DIRECTIONS
In the records below, reproduce exactly the lines from the one containing "Revalorization of Neochloris" through the one containing "Centro universitario Cardenal Cisneros", both included, and omit the pictures.

THE RECORDS
• • •
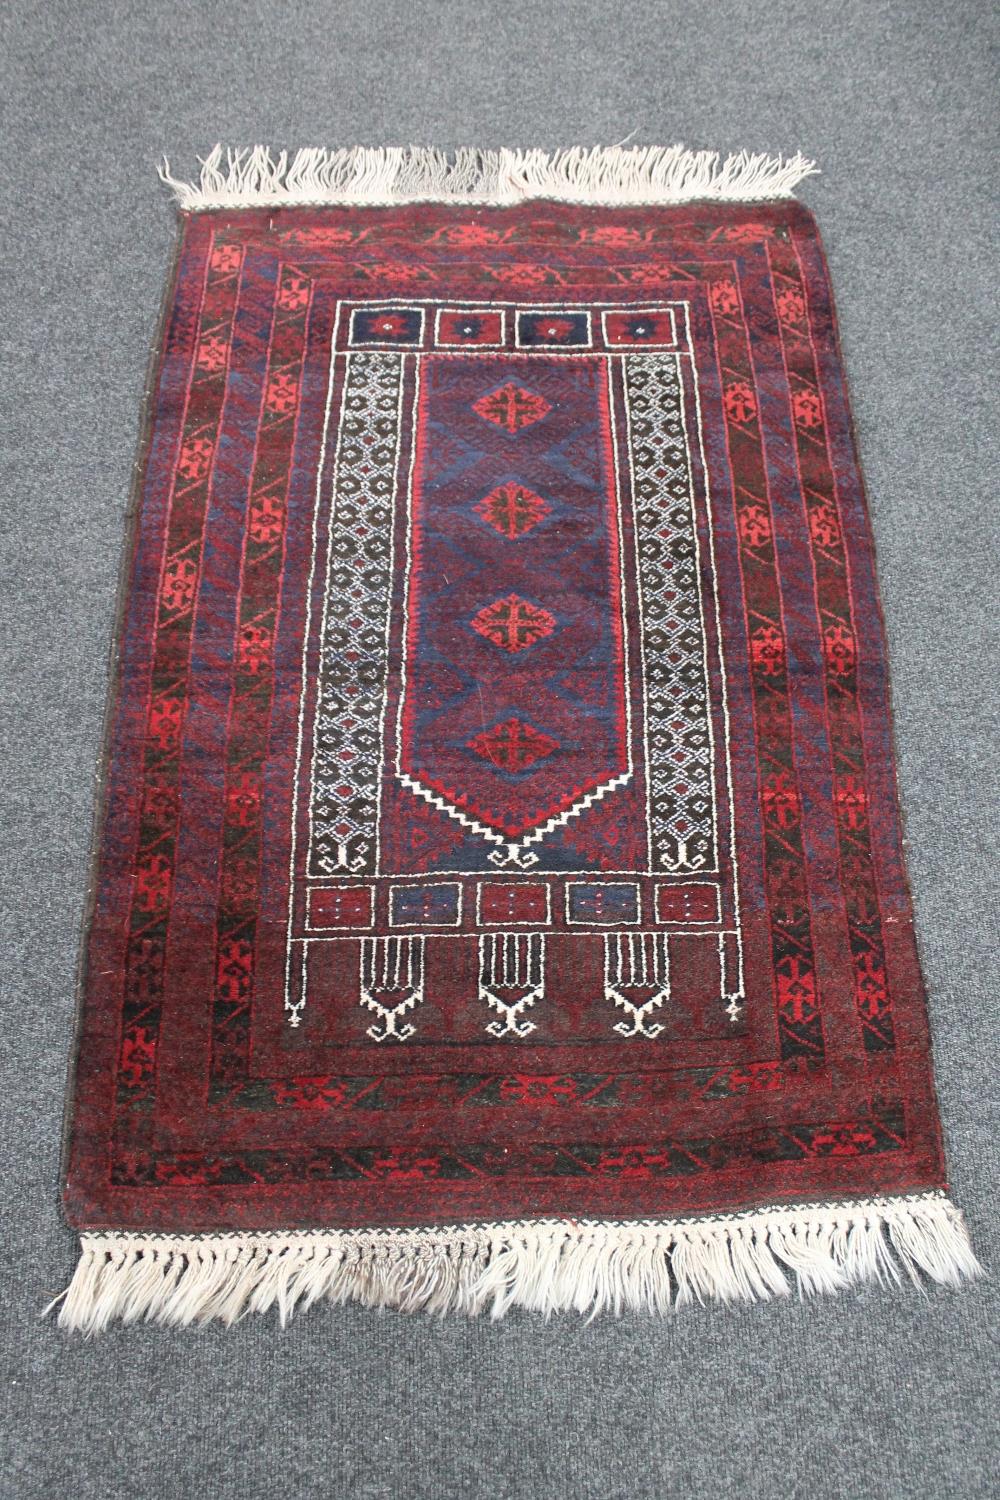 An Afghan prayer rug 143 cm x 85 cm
• • •
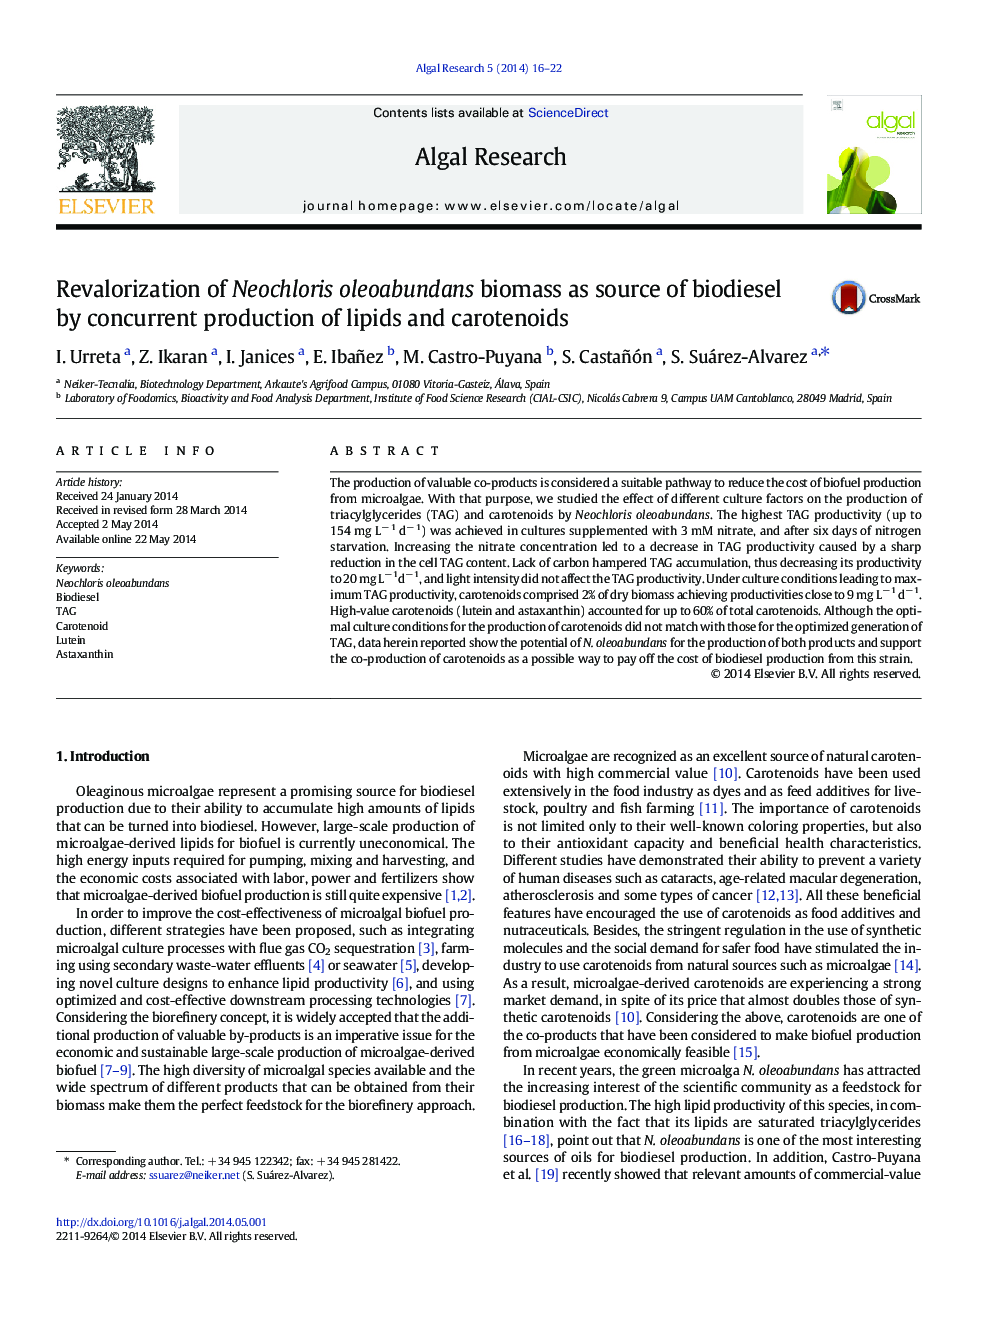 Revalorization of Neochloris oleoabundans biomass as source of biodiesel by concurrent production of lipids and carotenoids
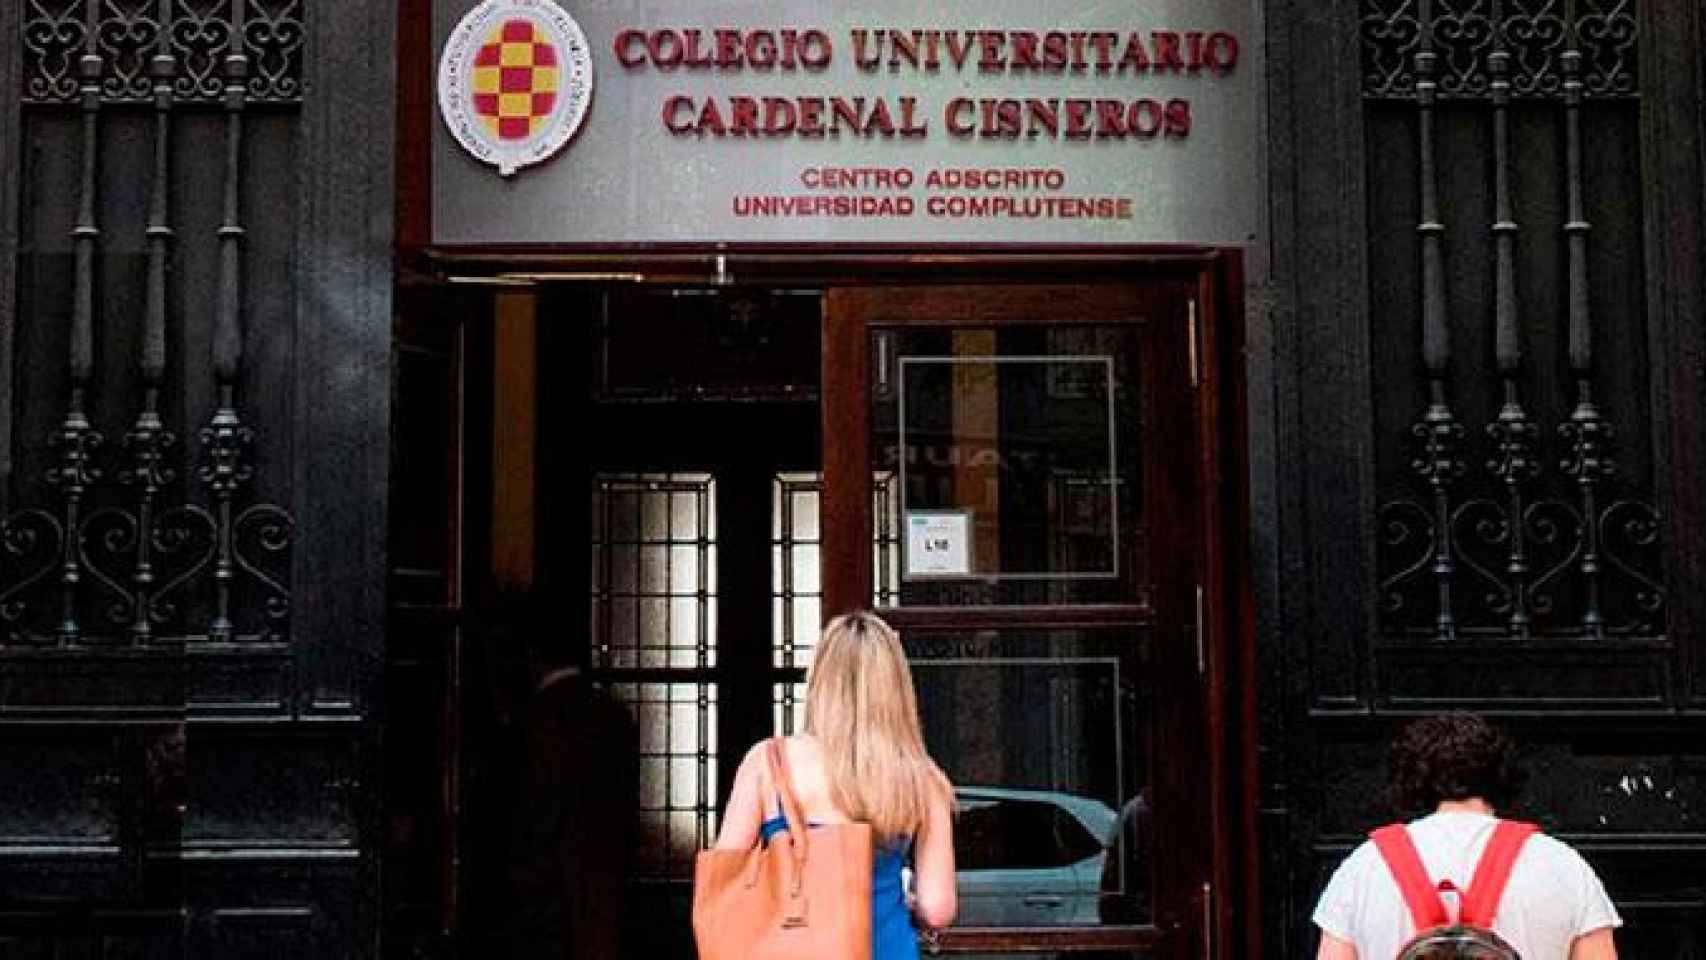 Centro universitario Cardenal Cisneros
• • •
COMPLETED EXERCISE
 Revalorization of Neochloris oleoabundans biomass as source of biodiesel by concurrent production of lipids and carotenoids
 Centro universitario Cardenal Cisneros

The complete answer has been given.